Maps for Learning Indexable Classes

We study learning of indexed families from positive data where a learner can freely choose a hypothesis space (with uniformly decidable membership) comprising at least the languages to be learned. This abstracts a very universal learning task which can be found in many areas, for example learning of (subsets of) regular languages or learning of natural languages. We are interested in various restrictions on learning, such as consistency, conservativeness or set-drivenness, exemplifying various natural learning restrictions. Building on previous results from the literature, we provide several maps (depictions of all pairwise relations) of various groups of learning criteria, including a map for monotonicity restrictions and similar criteria and a map for restrictions on data presentation. Furthermore, we consider, for various learning criteria, whether learners can be assumed consistent.
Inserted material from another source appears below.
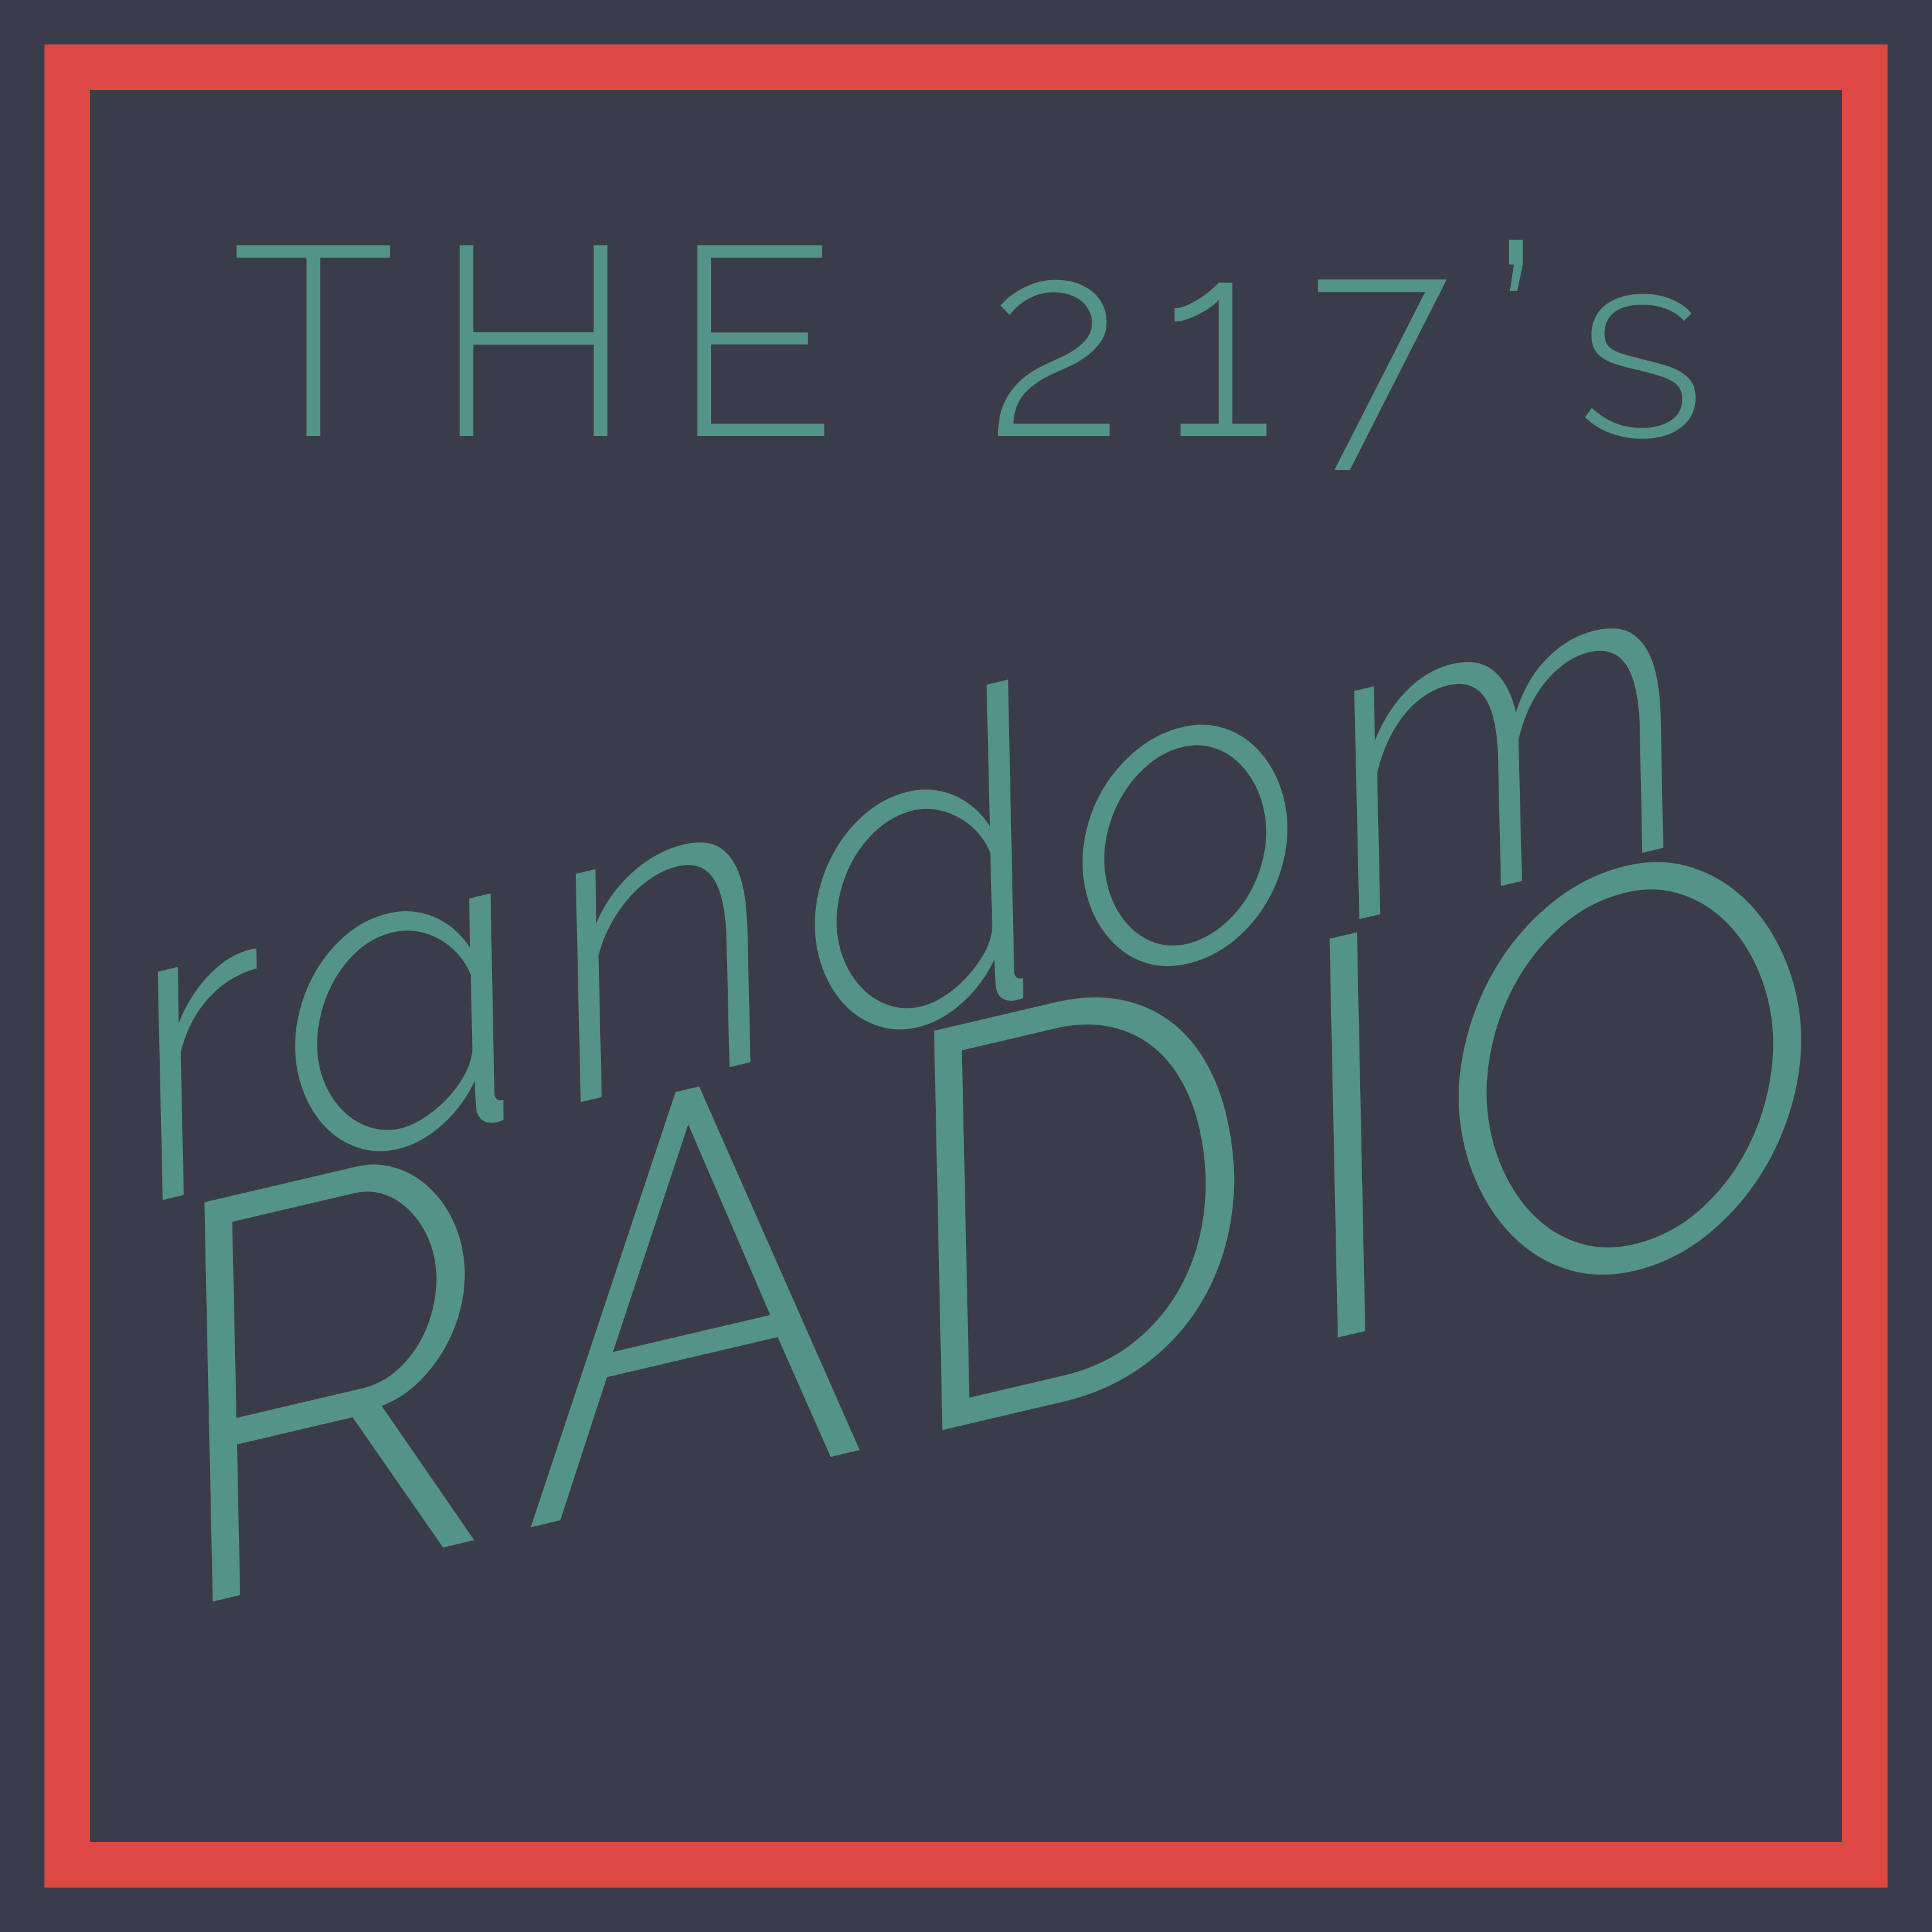 THE 217's RANDOM RADIO

Normal Forms for Witness-Based Learners in Inductive Inference

We study learners (computable devices) inferring formal languages, a setting referred to as language learning in the limit or inductive inference. In particular, we require the learners we investigate to be witness-based, that is, to justify each of their mind changes. Besides being a natural requirement for a learning task, this restriction deserves special attention as it is a specialization of various important learning paradigms. In particular, with the help of witness-based learning, explanatory learners are shown to be equally powerful under these seemingly incomparable paradigms. Nonetheless, until now, witness-based learners have only been studied sparsely. In this work, we conduct a thorough study of these learners both when requiring syntactic and semantic convergence and obtain normal forms thereof. In the former setting, we extend known results such that they include witness-based learning and generalize these to hold for a variety of learners. Transitioning to behaviourally correct learning, we also provide normal forms for semantically witness-based learners. Most notably, we show that set-driven globally semantically witness-based learners are equally powerful as their Gold-style semantically conservative counterpart. Such results are key to understanding the, yet undiscovered, mutual relation between various important learning paradigms when learning behaviourally correctly.

Mapping Monotonic Restrictions in Inductive Inference

In language learning in the limit we investigate computable devices (learners) learning formal languages. Through the years, many natural restrictions have been imposed on the studied learners. As such, monotonic restrictions always enjoyed particular attention as, although being a natural requirement, monotonic learners show significantly diverse behaviour when studied in different settings. A recent study thoroughly analysed the learning capabilities of strongly monotone learners imposed with memory restrictions and various additional requirements. The unveiled differences between explanatory and behaviourally correct such learners motivate our studies of monotone learners dealing with the same restrictions. We reveal differences and similarities between monotone learners and their strongly monotone counterpart when studied with various additional restrictions. In particular, we show that explanatory monotone learners, although known to be strictly stronger, do (almost) preserve the pairwise relation as seen in strongly monotone learning. Contrasting this similarity, we find substantial differences when studying behaviourally correct monotone learners. Most notably, we show that monotone learners, as opposed to their strongly monotone counterpart, do heavily rely on the order the information is given in, an unusual result for behaviourally correct learners.